Despite the significance of the problem for audit quality and regulatory oversight, to our knowledge no prior work has specifically addressed non-hand-signing detection in financial audit documents at scale with these methodological safeguards. Woodruff et al. [9] developed an automated pipeline for signature analysis in corporate filings for anti-money-laundering investigations, but their work focused on author clustering rather than detecting image reuse. Copy-move forgery detection methods [10], [11] address duplicated regions within or across images but are designed for natural images and do not account for the specific characteristics of scanned document signatures. Research on near-duplicate image detection using perceptual hashing combined with deep learning [12], [13] provides relevant methodological foundations but has not been applied to document forensics or signature analysis. From the statistical side, the methods we adopt for distributional characterisation — the Hartigan dip test [37] and finite mixture modelling via the EM algorithm [40], [41], complemented by a Burgstahler-Dichev / McCrary density-smoothness diagnostic [38], [39] — have been developed in statistics and accounting-econometrics but have not been combined as a joint diagnostic toolkit for document-forensics threshold characterisation.
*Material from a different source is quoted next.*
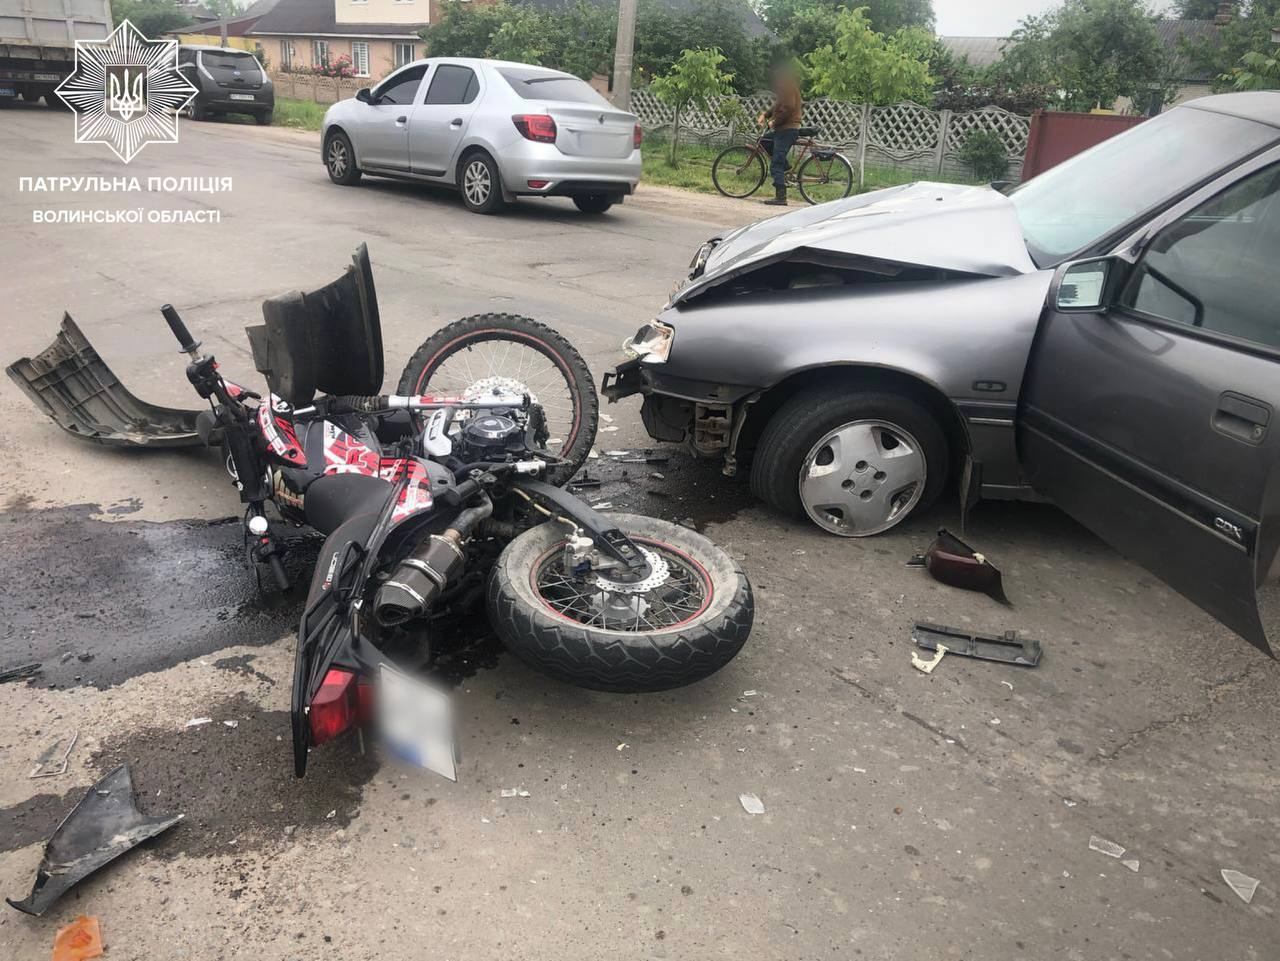 Був неуважним: у Ковелі водій Opel збив мотоцикліста (фото)

In this paper we present a fully automated, end-to-end pipeline for screening non-hand-signed CPA signatures in audit reports at scale, together with an anchor-calibrated screening framework that characterises the pipeline's operational behaviour under explicit unsupervised assumptions. The pipeline processes raw PDF documents through (1) signature page identification with a Vision-Language Model; (2) signature region detection with a trained YOLOv11 object detector; (3) deep feature extraction via a pre-trained ResNet-50; (4) dual-descriptor similarity (cosine + independent-minimum dHash); (5) anchor-based threshold calibration at three units of analysis (per-comparison, pool-normalised per-signature, per-document) against an inter-CPA negative-anchor coincidence-rate proxy (§III-L); (6) firm-stratified per-rule reporting and a within-firm cross-CPA hit-matrix analysis (§III-L.4); (7) a composition decomposition that establishes the absence of a within-population bimodal antimode in the descriptor distributions (§III-I.4); and (8) disclosure of each diagnostic's untested assumption (§III-M).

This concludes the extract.